Михаил Иванович умолк, молчал и Миша, целиком уйдя в собственные мысли. От промокших ног начал подниматься по телу холод, но он этого не замечал. Наконец, решившись, спросил:
— Михаил Иванович, вы ведь профессор, умнейший человек. Вы ведь должны знать, как это — когда расстреляют. Ну, вы меня понимаете? Что я почувствую, когда меня не станет?
— Не знаю, Миша. И никто не знает. А тот, кто знает, рассказать нам не может.
— Жаль.
— Среди моих друзей есть ученый, который занимается проблемами человеческого мозга. Как-то он мне сказал, что, по его мнению, когда угасающий мозг прекращает свое существование, человеку кажется, будто он падает в бесконечность.
— Бесконечность… Слово-то какое. Это значит, что у нее нет конца? Ни длины, ни ширины? Странно как-то. Но что-то же у нее должно быть? Может, звук или запах? А может, вкус?
— Вы, Миша, поэт. Какой у бесконечности может быть вкус? Бесконечность — категория математическая, и такие критерии, как ощущения, чувства и вкус ей чужды.

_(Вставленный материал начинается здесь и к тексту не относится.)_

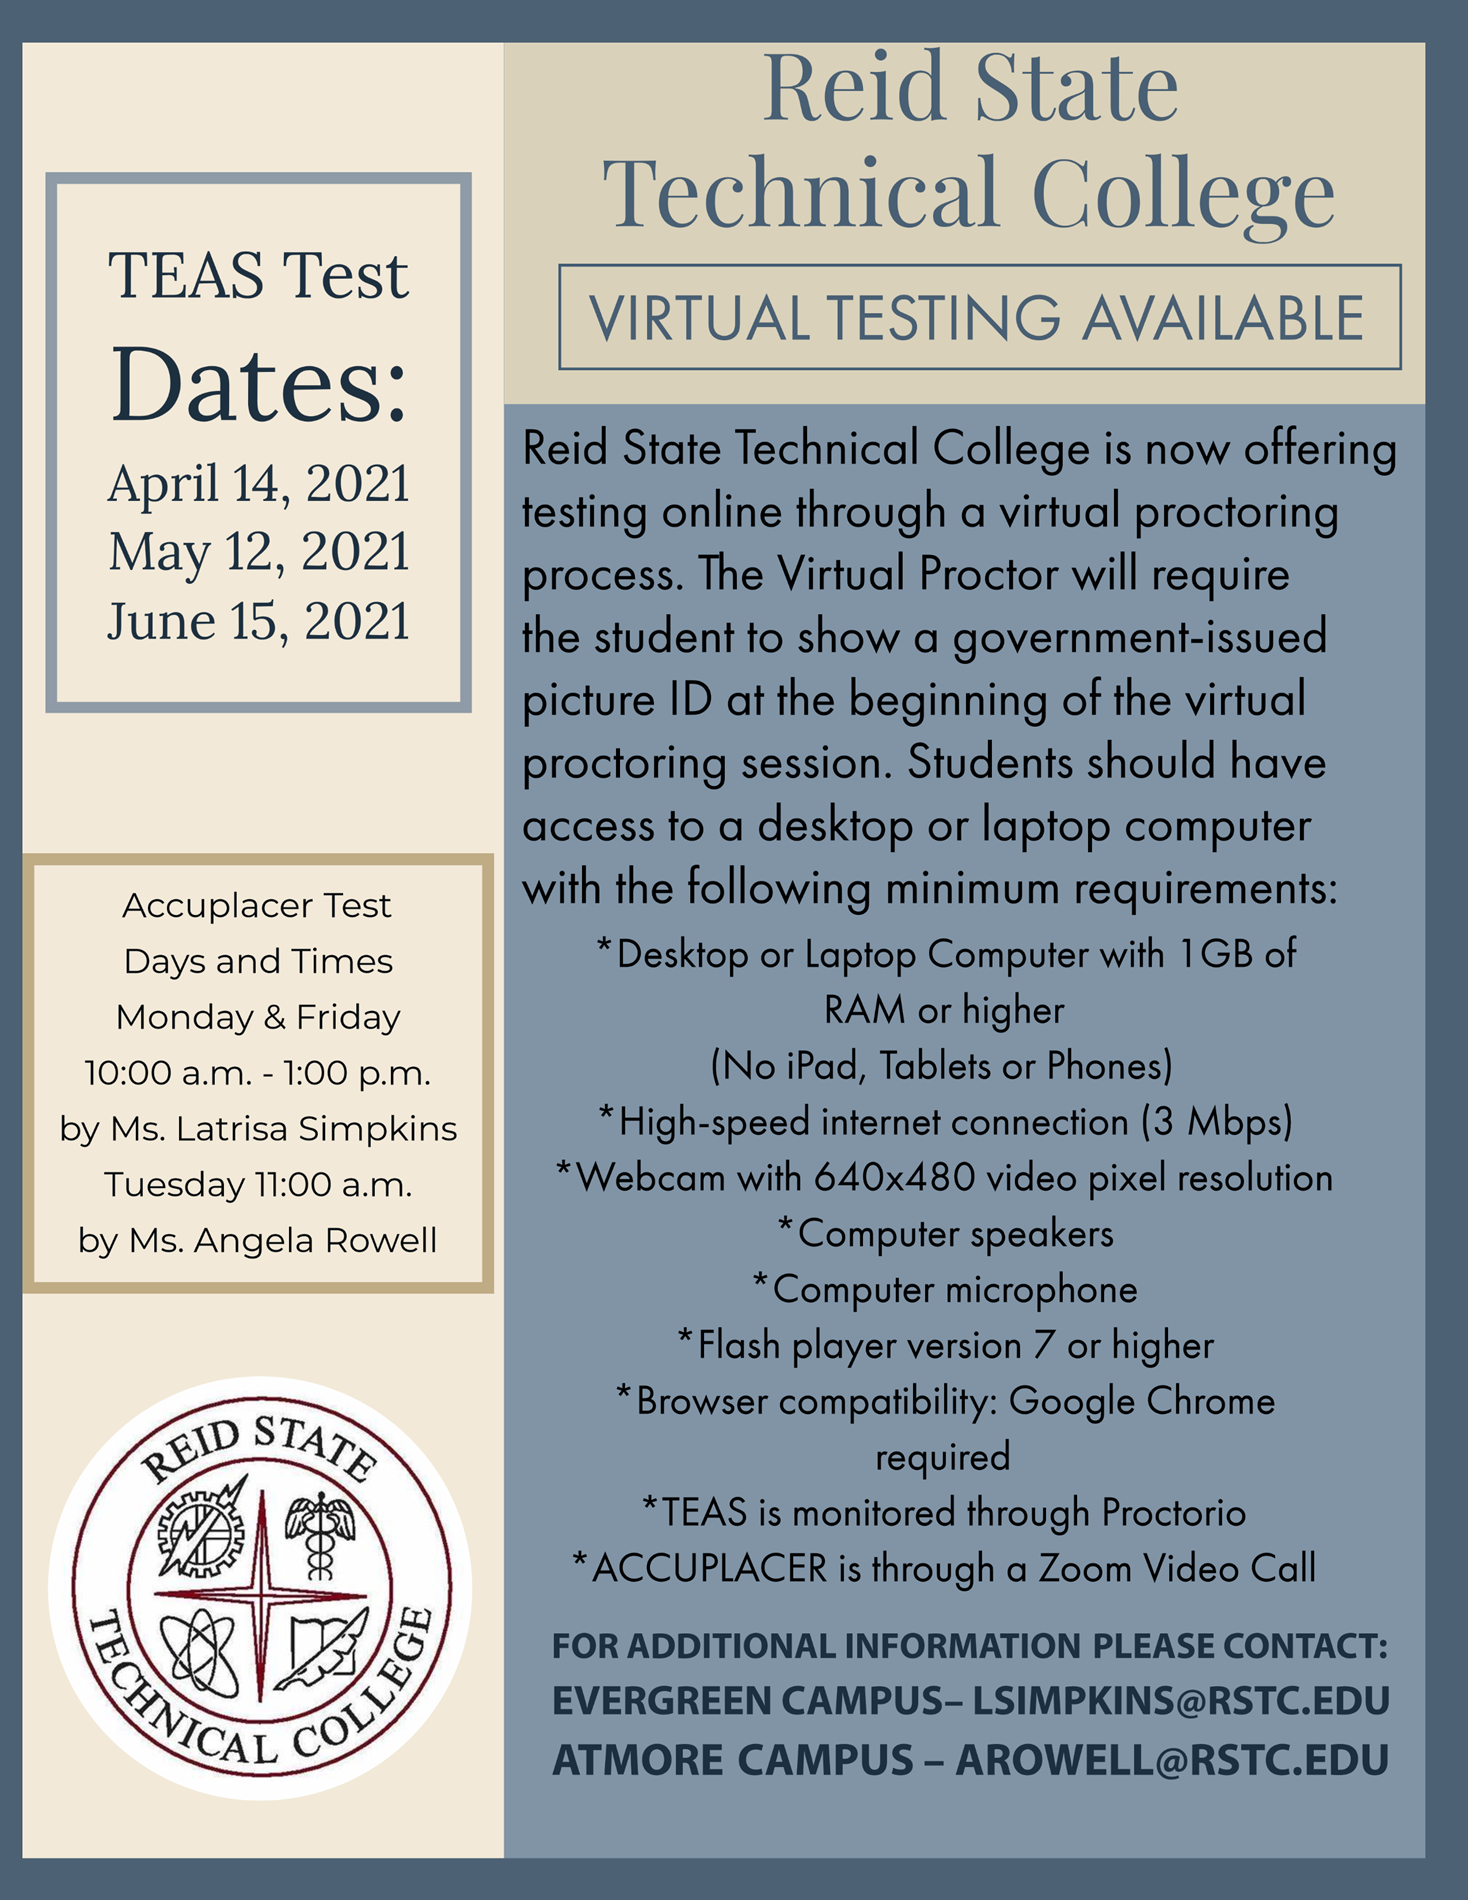 Reid State Virtual Testing Poster

— Жалко… Так было бы легче.
Миша присел на корточки, обхватил голову руками и задумался о том, как несправедливо устроена жизнь. Всего две недели назад у него было многое: жена с дочкой, своя квартира, пусть даже в закрытом гарнизоне, сытая служба и уважение окружающих. Были и тянущие за горизонт мечты. Не было только мозгов и интуиции. Вернее, они были, но заплыли жирком. Теперь мозги проснулись, но исчезло все остальное.
Прервала его раздумья заскрипевшая заслонка глазка. Кто-то из коридора не мигая уставился на согнувшегося в углу профессора.

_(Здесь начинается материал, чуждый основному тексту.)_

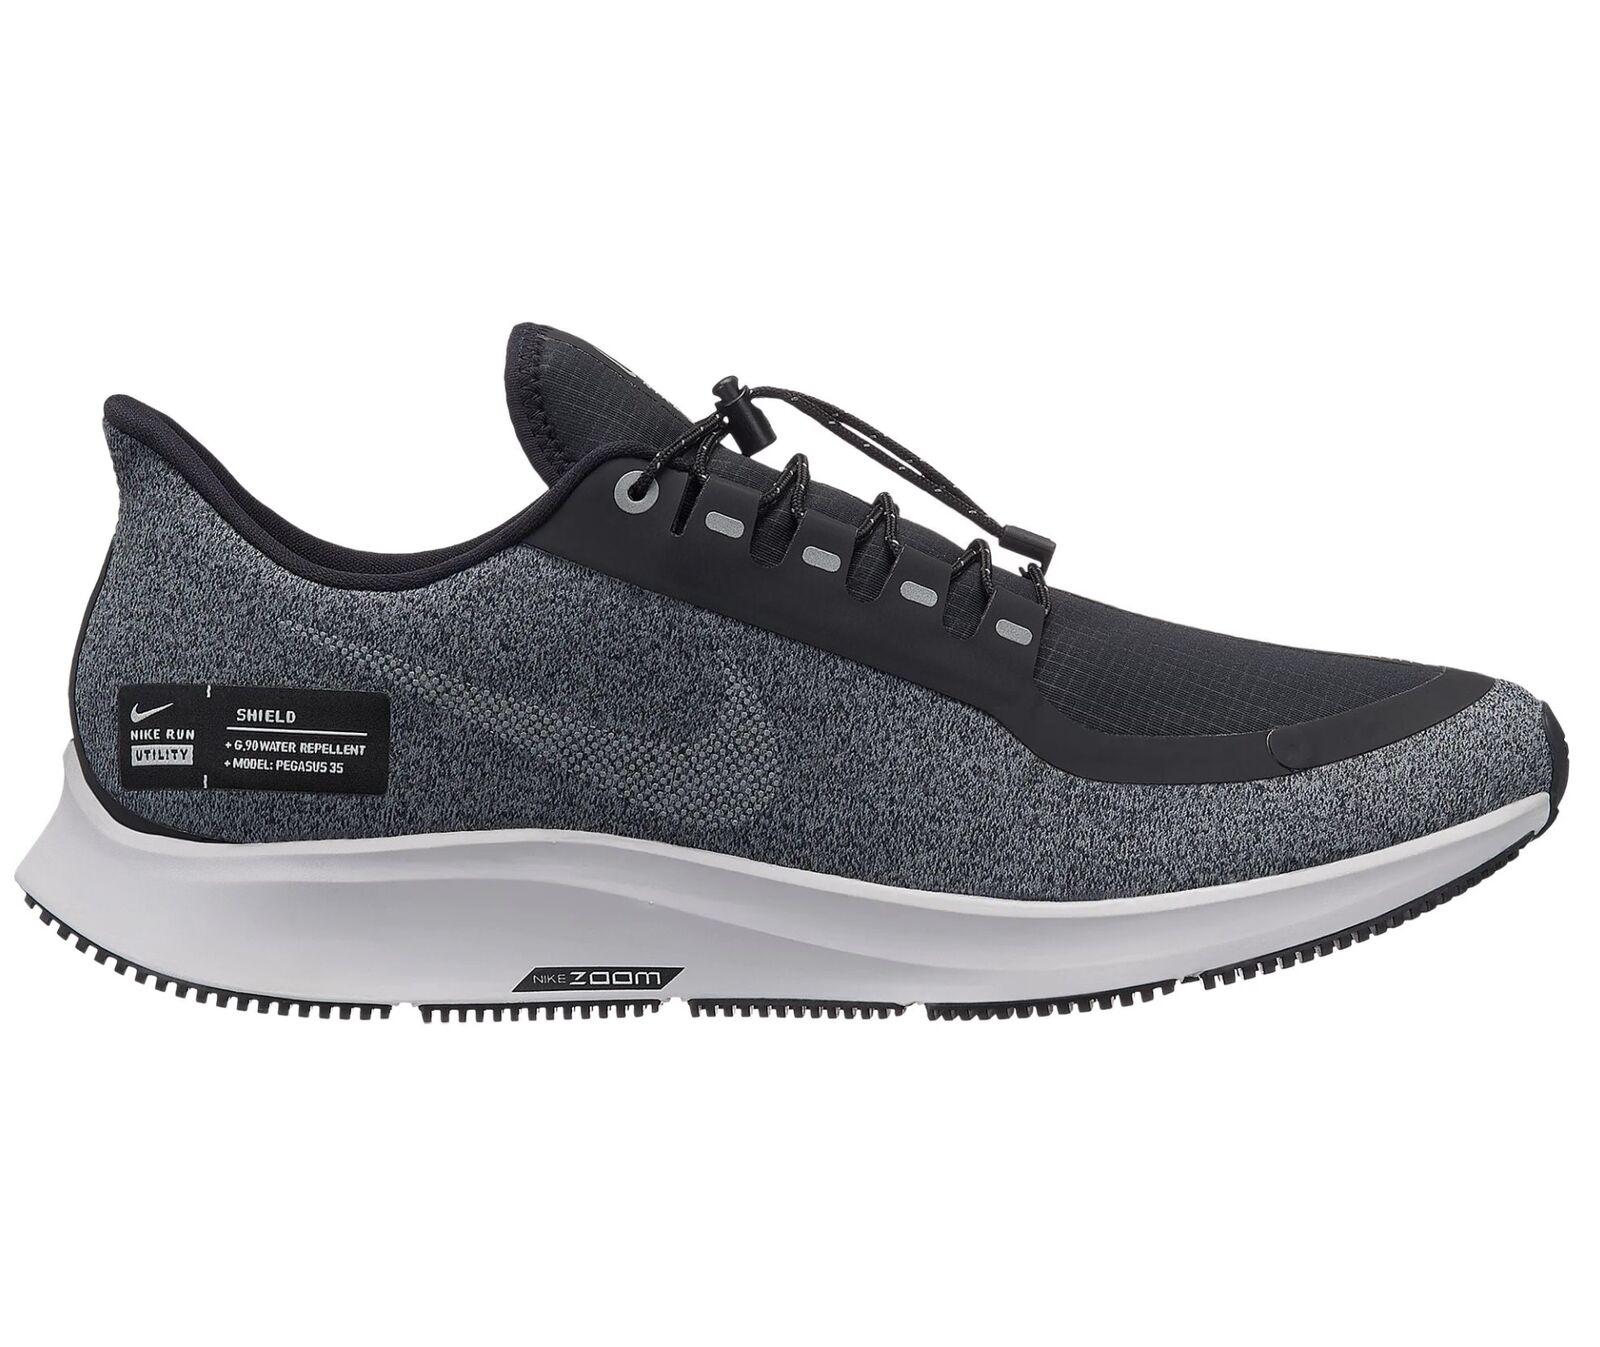 Nike Air Zoom Pegasus 35 Shield Mens AA1643-001 Black Grey Run shoes Size 13

«Жаль, нет карандаша! — подумал Миша. — А может, пальцем?»
Дверь открылась. На пороге стоял офицер в отутюженной серой форме, с железным крестом на левом нагрудном кармане. Не обращая внимания на Мишу, он долго разглядывал Михаила Ивановича, затем качнул головой, и в камеру ввалился выливший им ведро воды солдат. Взяв за руку профессора, он толкнул его к выходу. Замешкавшегося начпрода немец схватил за ворот и тоже вышвырнул в коридор.
— Сволочь, — прошипел Миша. — Будь у меня сейчас «Макаров»! Да что «Макаров», была бы хоть вилка за пазухой, я тебе загнал бы ее в ухмыляющуюся рожу!
Подталкиваемый в спину, он побрел к распахнутой на улицу двери. На стене в коридоре висело квадратное зеркало. Миша посмотрел на свое осунувшееся лицо и тяжело вздохнул:
— Мишка, Мишка, где твоя улыбка? Михаил Иванович, нас ведут расстреливать?
— Не знаю, Миша. Как мне тебя жаль, я-то уже жизнь прожил, а ты молодой совсем.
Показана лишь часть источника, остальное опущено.